CIs are stored in classes that extend the base cmdb_ci table; specific classes (server, application, network gear, etc.) extend it in an inheritance hierarchy. CI relationships are stored in cmdb_rel_ci and describe dependencies (Runs on, Depends on, Hosted on) that power impact maps. The Common Service Data Model (CSDM) is ServiceNow's prescribed framework for modeling services and applications consistently (business/technical/application services, business applications) — populate the CMDB to align with CSDM.

IRE — Identification and Reconciliation Engine

The Identification and Reconciliation Engine (IRE) is the single entry point that keeps the CMDB clean:

  • Identification rules decide whether an incoming CI already exists (using identifier entries/criteria). If matched, the existing record is updated; if not, a new CI is created — this prevents duplicates.
  • Reconciliation rules decide which data source is authoritative for which attributes, so that, for example, Discovery can be trusted over a manual edit for certain fields.

Data enters the CMDB via Discovery, integrations, Service Mapping, IntegrationHub ETL, and manual entry — all funneled through IRE so the same identification/reconciliation logic applies.

Exam focus

  • CMDB = CIs + relationships; CIs extend cmdb_ci; relationships in cmdb_rel_ci.
  • CSDM is the modeling framework to align to.
  • IRE: identification rules prevent duplicates (match/update vs. insert); reconciliation rules pick the authoritative source per attribute.
  • CMDB feeds change conflict detection and incident/problem CI context.

Fast-recall cheat list

  • Process purposes: Incident = restore service fast; Problem = remove root cause; Change = control change with least risk; Request = fulfill service requests; Knowledge = capture & reuse knowledge; CMDB = trusted CI/relationship record.
  • Tables (all extend task unless noted): incident, problem, change_request, sc_request (REQ), sc_req_item (RITM), sc_task (SCTASK). Knowledge: kb_knowledge (not task). CMDB: cmdb_ci, relationships cmdb_rel_ci (not task).
  • Priority = Impact + Urgency via data lookup + business rule; make manual by disabling those rules (never make read-only, never delete the field).
  • Incident states: New → In Progress → On Hold (needs reason) → Resolved → Closed; Canceled for errors.
  • Major incident: propose → promote → (demote); PIR after resolution.
  • Change types: Standard = pre-approved from catalog, no CAB; Normal = full risk + approval + CAB; Emergency = expedited e-CAB.
  • Change risk: default Change Risk Calculator vs. Risk Assessment plugin questionnaire.
  • CAB Workbench schedules/runs CAB; standard changes bypass it; conflict detection + blackout/maintenance windows.
  • Request hierarchy: REQ (1 per order) → RITM (1 per item) → SCTASK (optional work). RITM = what's requested; SCTASK = where work happens; closure rolls upward.
  • Catalog parts: catalog items, variables/variable sets, record producers (create records on any table), order guides (bundle items).
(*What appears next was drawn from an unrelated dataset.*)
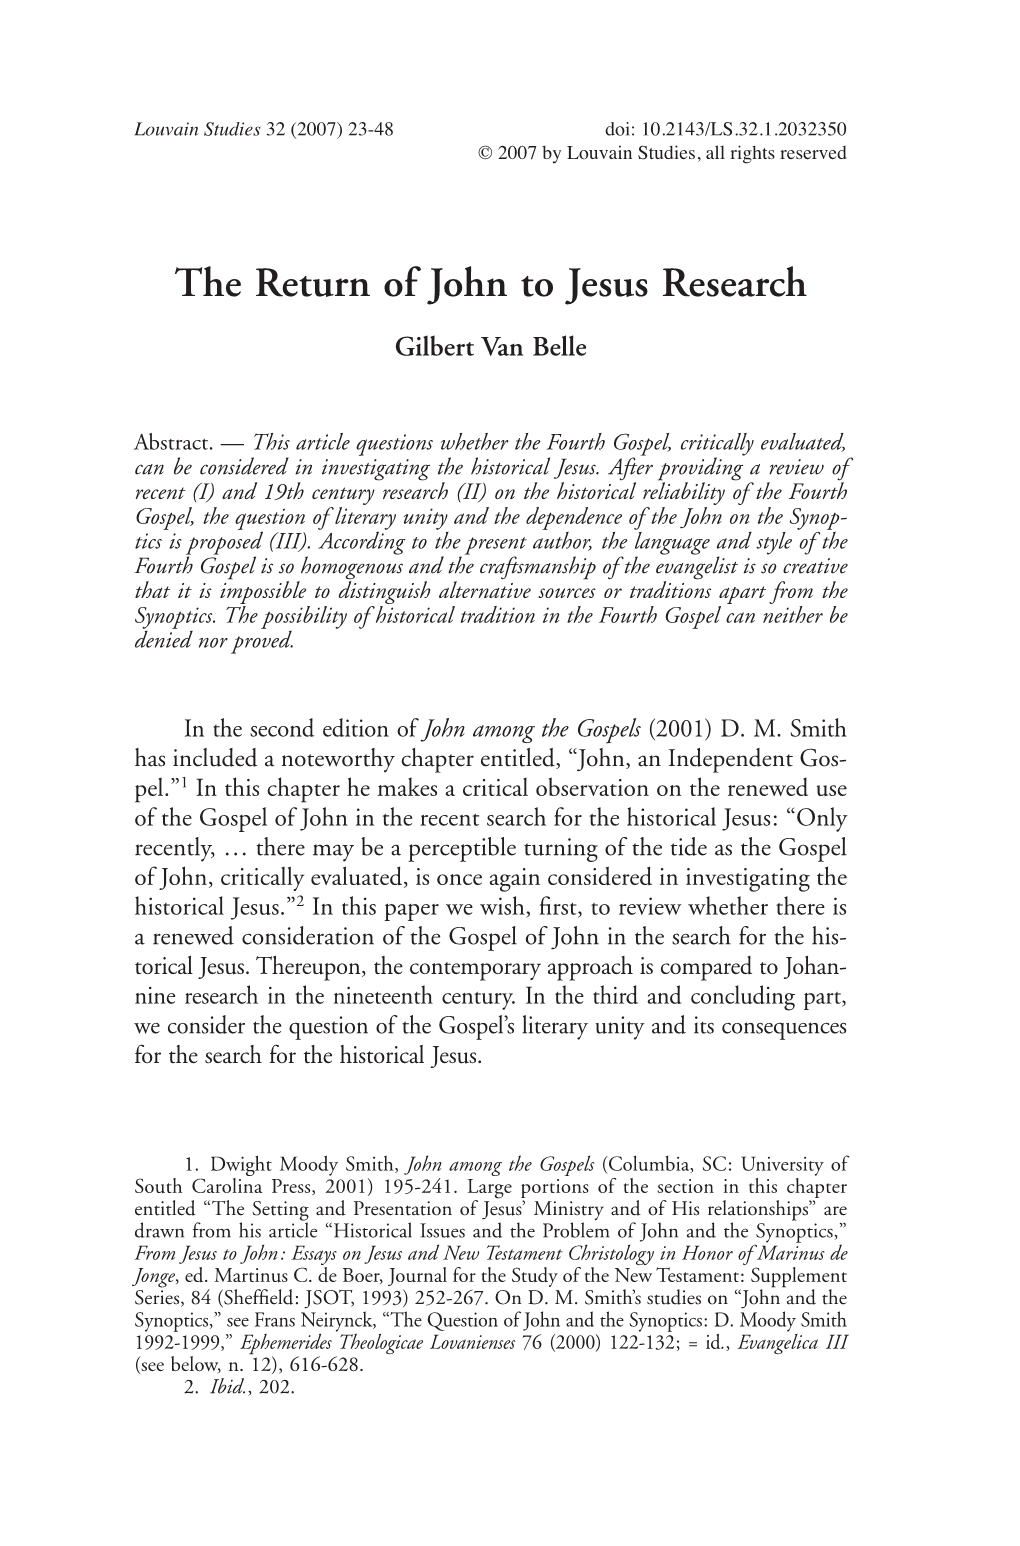 The Return of John to Jesus Research Gilbert Van Belle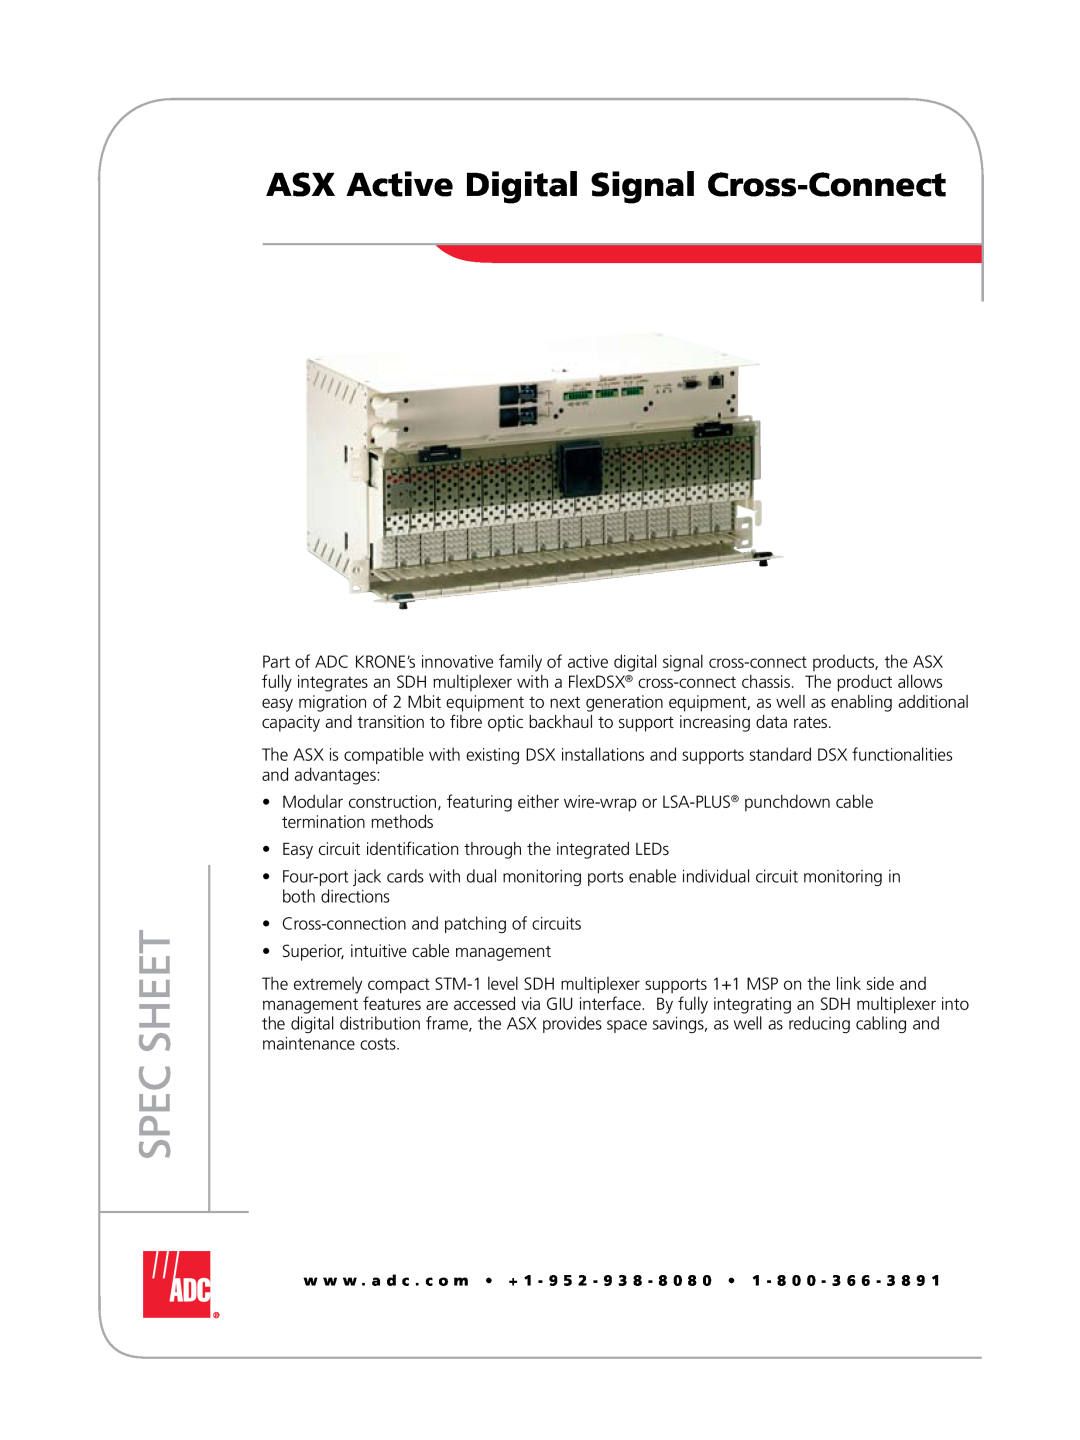 ADC manual ASX Active Digital Signal Cross-Connect, Spec Sheet

Flow Designer = current fulfillment engine.
  • User Criteria controls visibility for both Service Catalog items and Knowledge bases: Can Read / Can Contribute / Cannot Read / Cannot Contribute — Cannot overrides Can.
  • Problem outputs: Workaround (restores service, no root cause) vs. Known Error (root cause/workaround documented).
  • KCS: capture knowledge in the flow of work, reuse, improve on use, reward.
  • CMDB IRE: identification rules (dedupe: match→update / insert) + reconciliation rules (authoritative source per attribute); align to CSDM.
  • Experiences: Service Operations Workspace for agents; Employee Center / Service Portal for self-service.
  • Exam logistics: 60 scored questions, ~90 minutes, single- and multiple-select; CSA is the prerequisite certification.